Multi-volume historical work by David Hume

The History of England (1754–1761) is David Hume's great work on the history of England (also covering Wales, Scotland, and Ireland), which he wrote in installments while he was librarian to the Faculty of Advocates in Edinburgh. It was published in six volumes in 1754, 1757, 1759, and 1762. The first publication of his History was greeted with outrage by all political factions, but it became a best-seller, finally giving him the financial independence he had long sought. Hume's History spanned "from the invasion of Julius Caesar to the Revolution of 1688" and went through over 100 editions. Many considered it the standard history of England in its day.

==Publication history==
Hume set out at first only to write a history of England under the Stuart monarchs James I and Charles I, which appeared in 1754. He followed this with a second history that continued to the Revolution of 1688. With the relative success of these two volumes, Hume researched the history of earlier eras and produced a total of six volumes. As a result, the fifth volume was the first to appear in print, in 1754, while the first two volumes were published last, in 1762. The complete History of England is arranged in chronological order, as follows:

- Vols. 1–2: The history of England from the invasion of Julius Caesar to the accession of Henry VII (i.e. 55 BC – AD 1485; first published in 1762)
- Vols. 3–4. The history of England under the House of Tudor (covering the years 1485–1601; published 1759)
- Vol. 5. The history of Great Britain, containing the reigns of James I and Charles I (covering the years 1601–1649; published 1754)
- Vol. 6. The history of Great Britain, containing the Commonwealth, and the reigns of Charles II and James II (covering the years 1649–1688; published 1757)

Because of the titles of the last two volumes, the whole work has occasionally been mistakenly referred to as History of Great Britain rather than History of England.

==Circumstances of the work's composition==

The last Jacobite uprising of 1745 was a very recent memory, and had come close to turning the War of the Austrian Succession
into a war of the British succession. This had come as a shock to Hume. So his main concern was to legitimise the Revolution of 1688, and forestall any future insurrection. He wanted his philosophy of government to appeal to both Whigs and former Jacobites. Perhaps this can be best understood in his 1748 essay "Of the Original Contract". He was not an adherent of any party.

In England, anti-Scottish prejudice was running high.

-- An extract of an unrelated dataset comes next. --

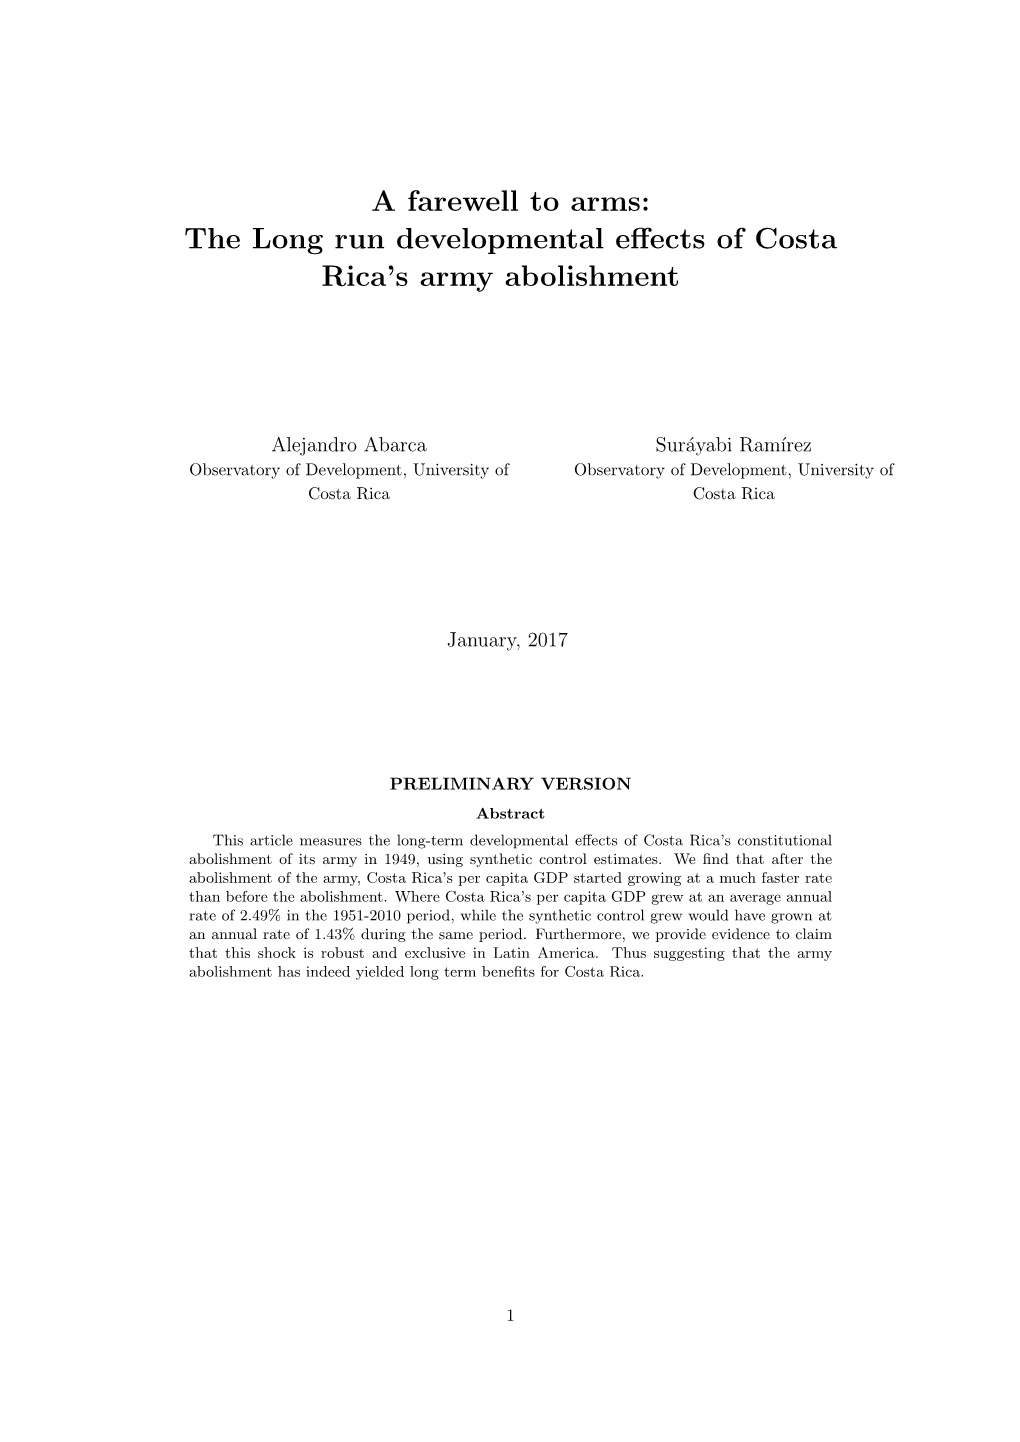 The Long Run Developmental Effects of Costa Rica's Army Abolishment

Hume was a master of the internalised Scoticism, and even wrote a booklet about how to do it. The History of England is a classic of the genre. It helps understand Hume to re-externalise the milieu that he flourished in.

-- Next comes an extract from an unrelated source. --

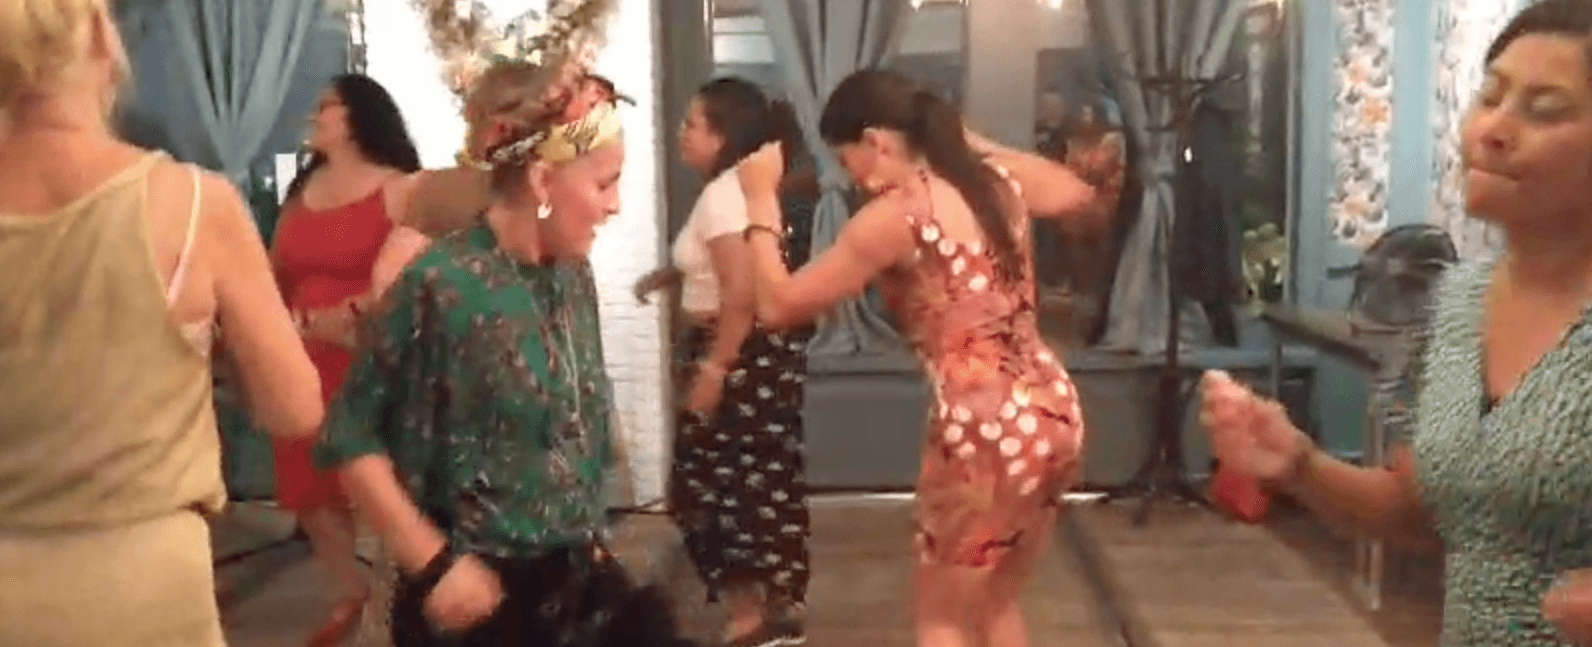 Spaanse Avond met Salsa, Bachata en Kizomba dansen in Den Bosch

==The Revolution of 1688==

He wrote of the Revolution: By deciding many important questions in favour of liberty, and still more, by that great precedent of deposing one king, and establishing a new family, it gave such an ascendent to popular principles, as has put the nature of the English Constitution beyond all controversy. Thus Hume is at odds with those who argue that the British Constitution is entirely evolutionary, and did not emerge from a revolution, just like the later American and French Constitutions, and the earlier Dutch Constitution.

The source of this antinomian interpretation of British freedom can be traced in Hume's account of the revolutionary debates themselves. William of Orange had been invited to invade by a coalition of English Whigs and Tories. To placate the latter's maxim that "the throne was never vacant", or in modern parlance the monarch never dies, the fiction was agreed that King James would be said to have abdicated. It fell to the Scottish Parliamentary Convention, meeting a month after the English one: "in a bold and decisive vote", to declare "that king James, by his maladministration, and his abuse of power, had forfeited all title to the crown". Hume wanted to present the UK as having a modern constitution. He did not see it as something that stretched back seamlessly to Magna Carta or the laws of King Alfred.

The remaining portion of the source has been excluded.